### Task to complete
Repeat only the lines from the one containing "スポーツ メンズ レディース" to the final line below, exactly as they read, and leave every picture out.

### Data shown
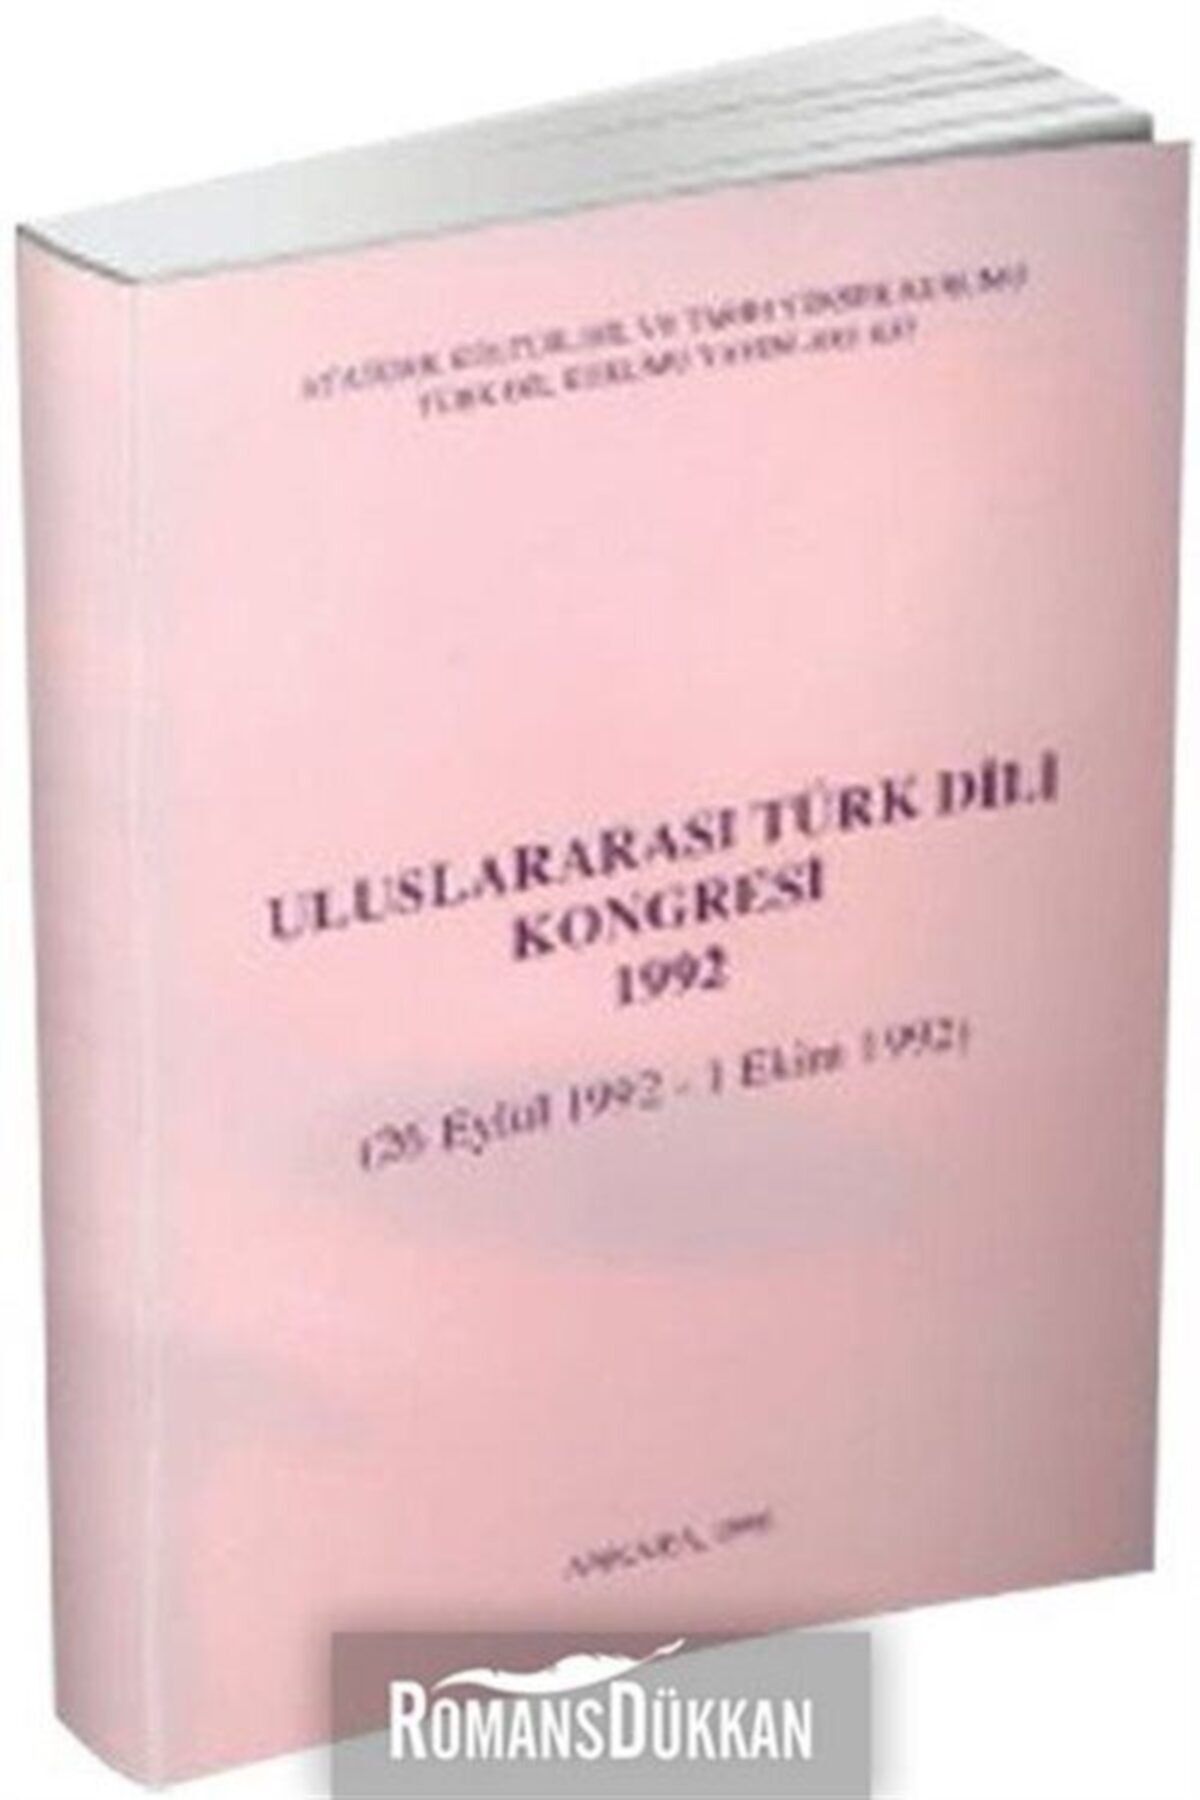 Türk Dil Kurumu Yayınları Uluslararası Türk Dili Kongresi 1992 & 26 Eylül 1992-1 Ekim 1992
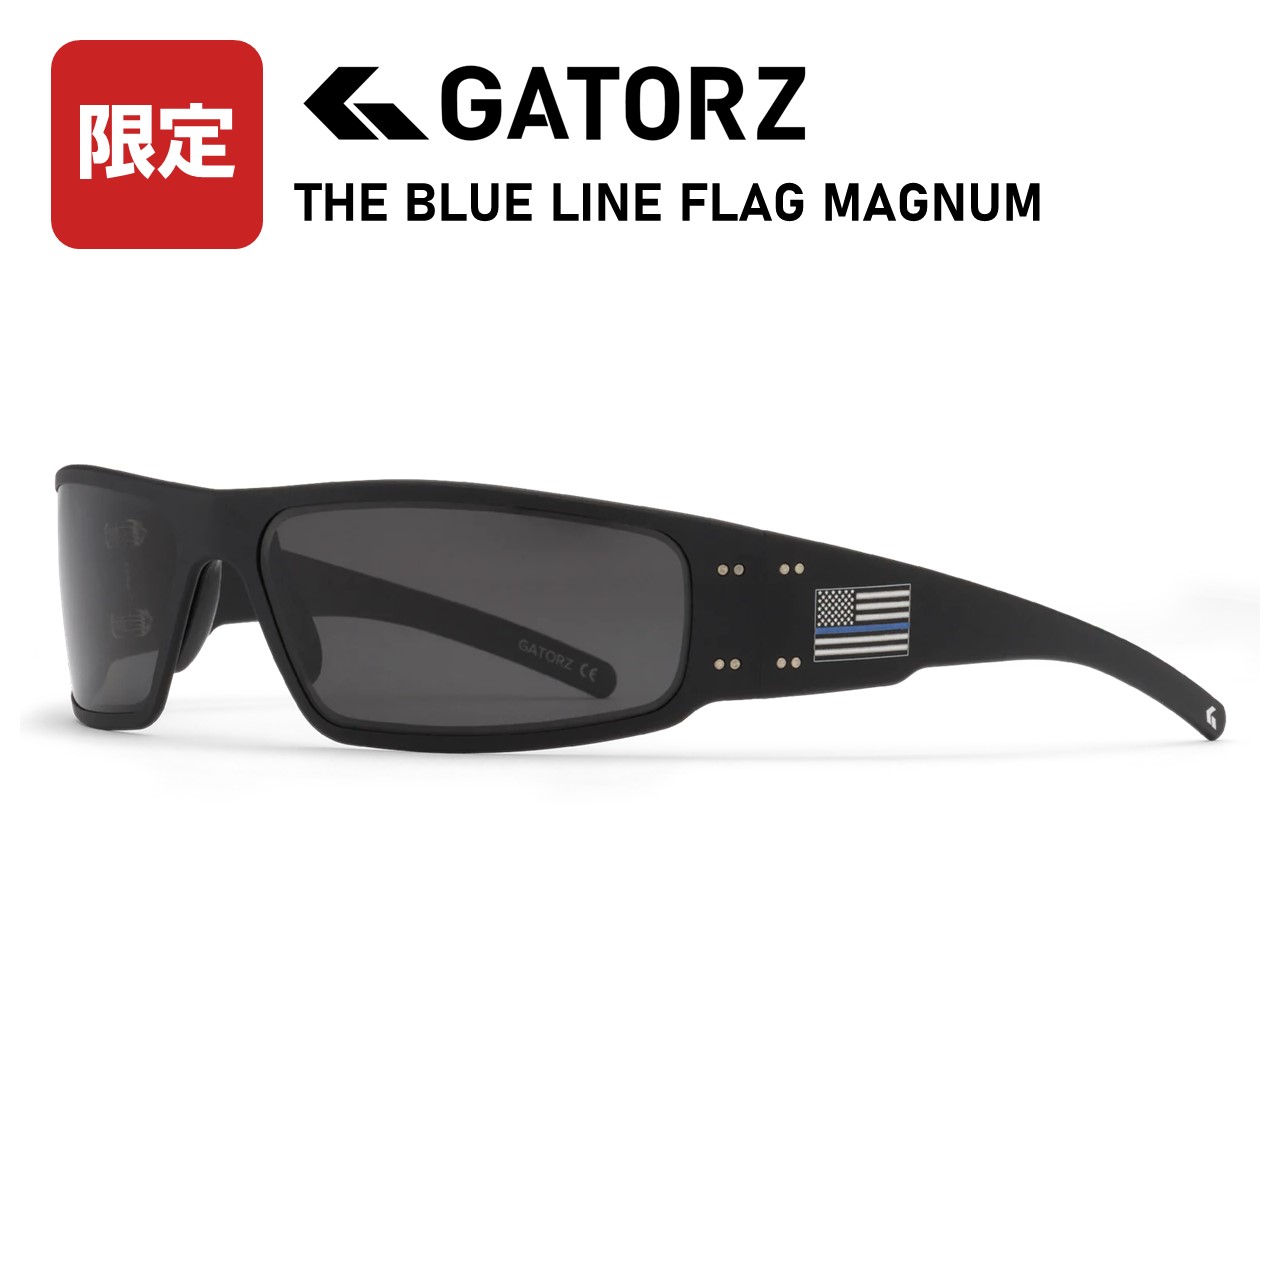 【限定モデル】GATORZ THIN BLUELINE FLAG MAGUNAM GZ-01-445 ロングノーズピース標準 数量限定 ゲイターズ マグナム ブルーライン ブラック/スモーク偏光レンズ ミリタリー サバイバルゲーム スポーツ メンズ レディース
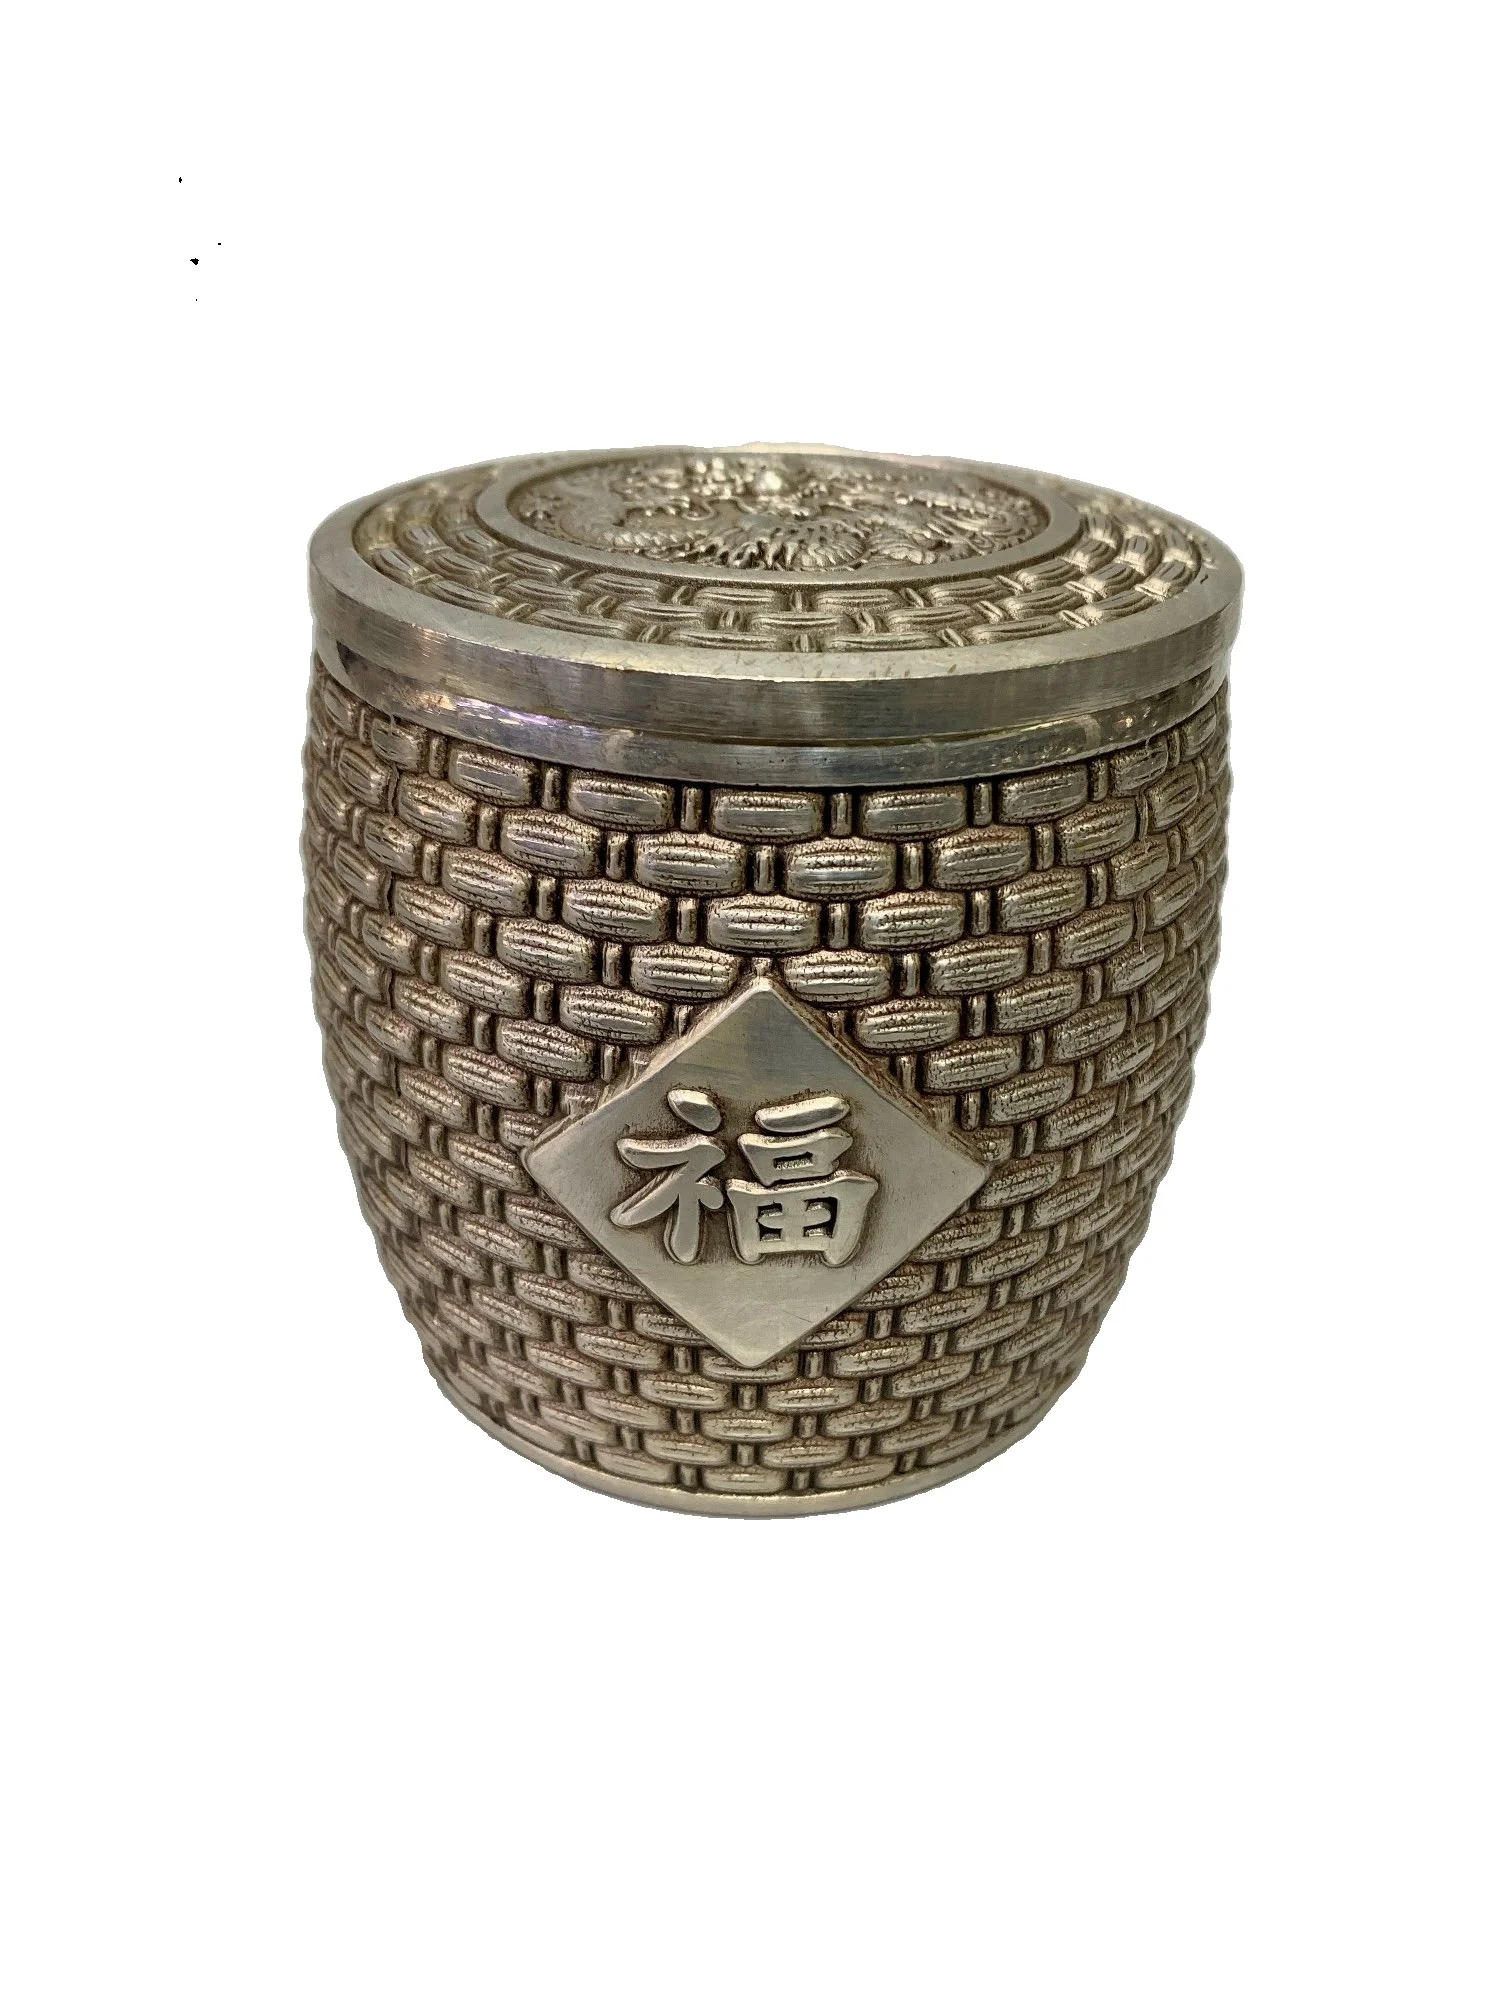 

Laojunlu белая медная кастрюля удачи античный бронзовый шедевр Коллекция ювелирных изделий в традиционном китайском стиле

### Task result
 【限定モデル】GATORZ THIN BLUELINE FLAG MAGUNAM GZ-01-445 ロングノーズピース標準 数量限定 ゲイターズ マグナム ブルーライン ブラック/スモーク偏光レンズ ミリタリー サバイバルゲーム スポーツ メンズ レディース

Laojunlu белая медная кастрюля удачи античный бронзовый шедевр Коллекция ювелирных изделий в традиционном китайском стиле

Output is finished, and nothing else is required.